И — открыт путь для жгучего рассказа:

— ... Временное правительство не возникло по классическому революционному образцу и между прочим потому, что процесс русской революции хотя пошёл очень быстро, всё-таки несколько затянулся...

Тут — некоторое облачко, но можно согнать его и с полной откровенностью.

— В течение двух-трёх дней нельзя было с уверенностью сказать, что переворот завершён и старый режим действительно уничтожен. В эти смутные два-три дня мы как-то не мыслили о создании правительства... А когда через два дня начало с достаточной ясностью определяться, что восстание несомненно победоносно, мы были заняты группировкой своих сил, а думский комитет пригласил наших представителей... о образовании Временного правительства в конкретных очертаниях. И вот, товарищи, за исключением очень немногих, я сказал бы даже неуверенных, голосов, подавляющее большинство нас склонялось не вступать в правительство, но предъявить ему определённые политические требования и осуществить контроль...

И вот, всё живей встаёт, веет над этим залом —

— ... знаменитое ночное заседание. Да вот, товарищи, — вытащил из пиджака и развернул, — знаменитый исторический документ на клочке плохой бумаги... наши 9 требований... С которого почти буквально, что неизвестно ни большинству русского населения, ни тем более всей европейской и вообще заграничной прессе, — почти буквально Временное правительство списало свою знаменитую программу.

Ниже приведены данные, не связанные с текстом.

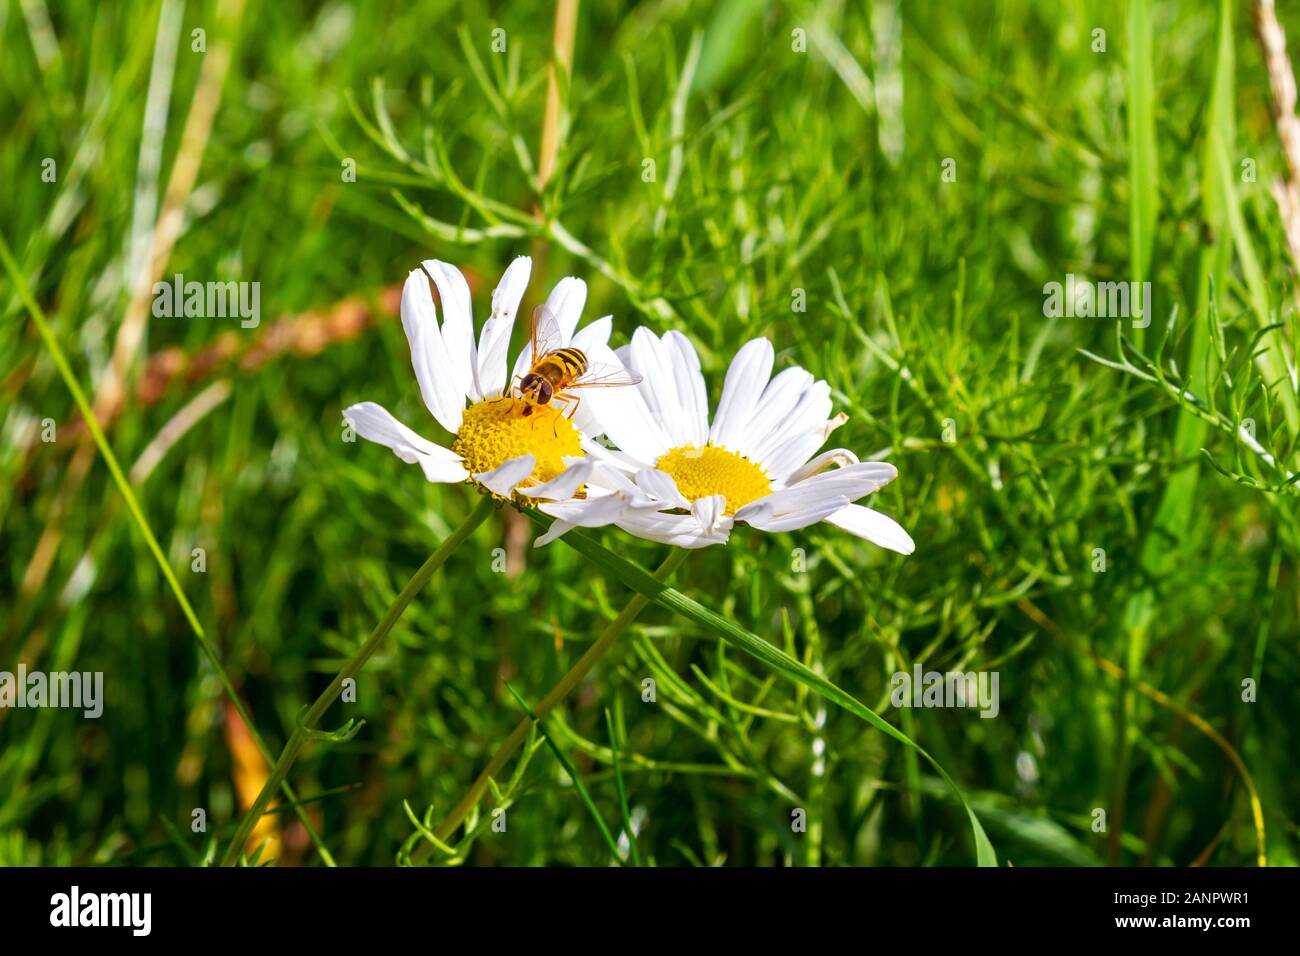 Biene sammelt Pollen von Echinacea coneflower Blume. Echinacea purpurea, PowWow White, Gelber Kegelkopf und weiße Blütenblätter. Garten in Irland Stockfoto

(Слышите вы там, министры!)

И — поднял мятую бумагу, и терпеливо показал залу во все стороны, и оборачивая её. Это и была ось вращения, это был его аттестат лидерства.

Во́т этот документ! Я не пущу его в ход, по рукам, так как он может пропасть, а мы представим его в музей истории. — И так сладко самому. — Если вы хотите — я его оглашу, но тогда я превышу назначенные мне полчаса.

Голоса из зала: „Просим! Просим!” А президиум вынужден помалкивать.

И Нахамкис живительно почувствовал себя снова на своей упущенной вершине. Он стал медленно читать, пункт за пунктом, как стояло у него — и как Милюков исправил: вот тут карандашом, вот тут карандашом...

— Вот, товарищи, вы видите, что эти знаменитые 9 пунктов заключали в себе ещё и знаменитый пункт 3-й: „Воздержание от всех действий, предрешающих форму будущего правления.”

И подколоть кадетов (подробно и многократно), как они тогда стояли ещё за монархию и боялись демократической республики, это сейчас они перекинулись.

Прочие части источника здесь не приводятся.